Comparison of the results of the acetylation of benzyl alcohol catalyzed by RHA/TiO2(30%) with those obtained by using some of the reported catalysts.
| Entry | Catalyst (loading) | Reaction conditions | Time (min) | Yield (%) | [Ref.] |
| 1 | Zeolite HSZ-360 (20 mg) | 60 °C/Neat | 60 | 84 | [1] |
| 2 | Cu(OTf)2 (2.5 mol%) | r.t./CH2Cl2 | 30 | 97 | [2] |
| 3 | RuCl3 (5 mol%) | r.t./CH3CN | 10 | 98 | [3] |
| 4 | Saccharinsulfonic acid (5 mol%) | Reflux/CH2Cl2 | 120 | 85 | [4] |
| 5 | RiH (300 mg) | 80 °C/Neat | 60 | 94 | [5] |
| 6 | RHA (50 mg) | 80 °C/Neat | 15 | 93 | [6] |
| 7 | TiO2 (30 mg) | 100 °C/Neat | 15 | 95 | This work |
| 8 | RHA/TiO2(30%) (20 mg) | r.t./Neat | 0.5 | 95 | This work |
4 Conclusions
In conclusion, rice husk ash was used as a silica support for the synthesis of anatase-phase titania nanoparticles and a RHA/TiO2 nanocomposite was obtained.
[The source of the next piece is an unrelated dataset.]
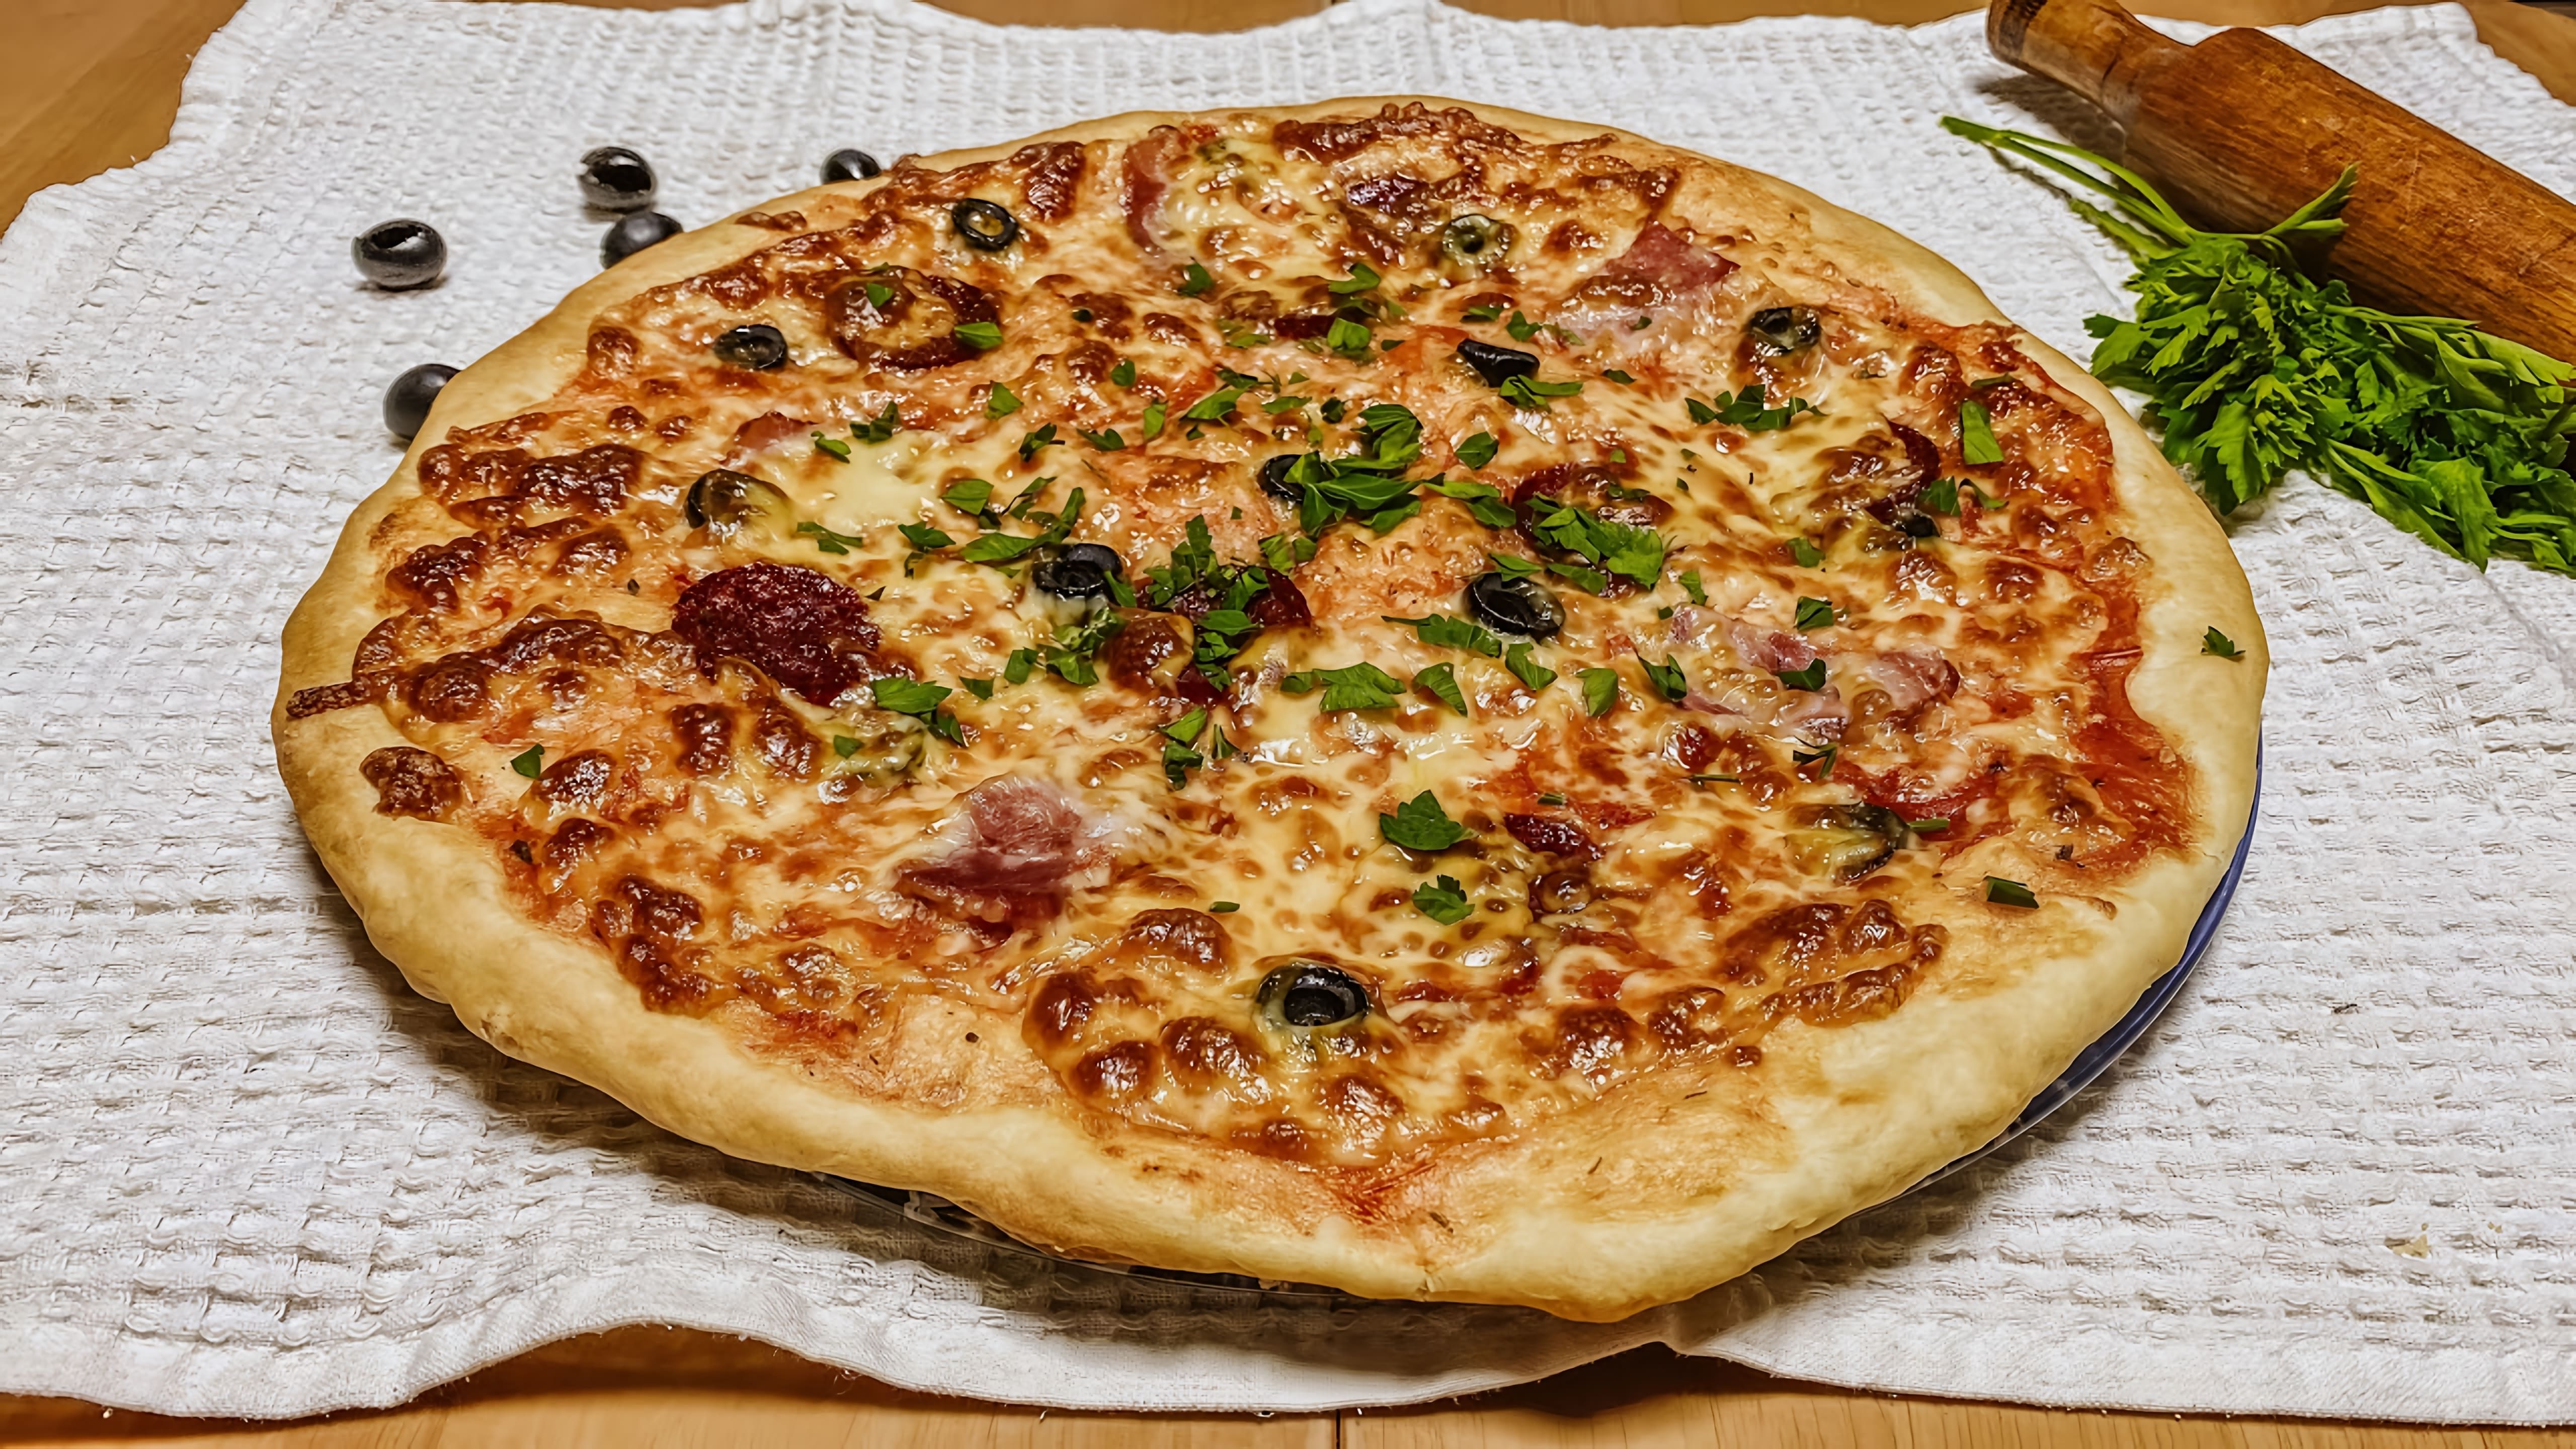 Идеальное ТЕСТО ДЛЯ ПИЦЦЫ/Проверенный рецепт от итальянского шеф-повара

В этом видео-ролике вы увидите, как приготовить идеальное тесто для пиццы по проверенному рецепту от итальянского шеф-повара

Then, a simple and efficient protocol for the acetylation of alcohols, phenols and amines was developed using this nanocomposite. The methodology has several advantages such as: (i) high reaction rates and excellent yields, (ii) no side reactions, (iii) ease of preparation and handling of the catalyst, (iv) cost efficiency and effective reusability of the catalyst, (v) use of an inexpensive catalyst with lower loading and (vi) a simple experimental procedure and solvent free conditions. Further work to explore this catalyst in other organic transformations is in progress.
Acknowledgments
We are thankful to the University of Guilan Research Council for partial support of this work.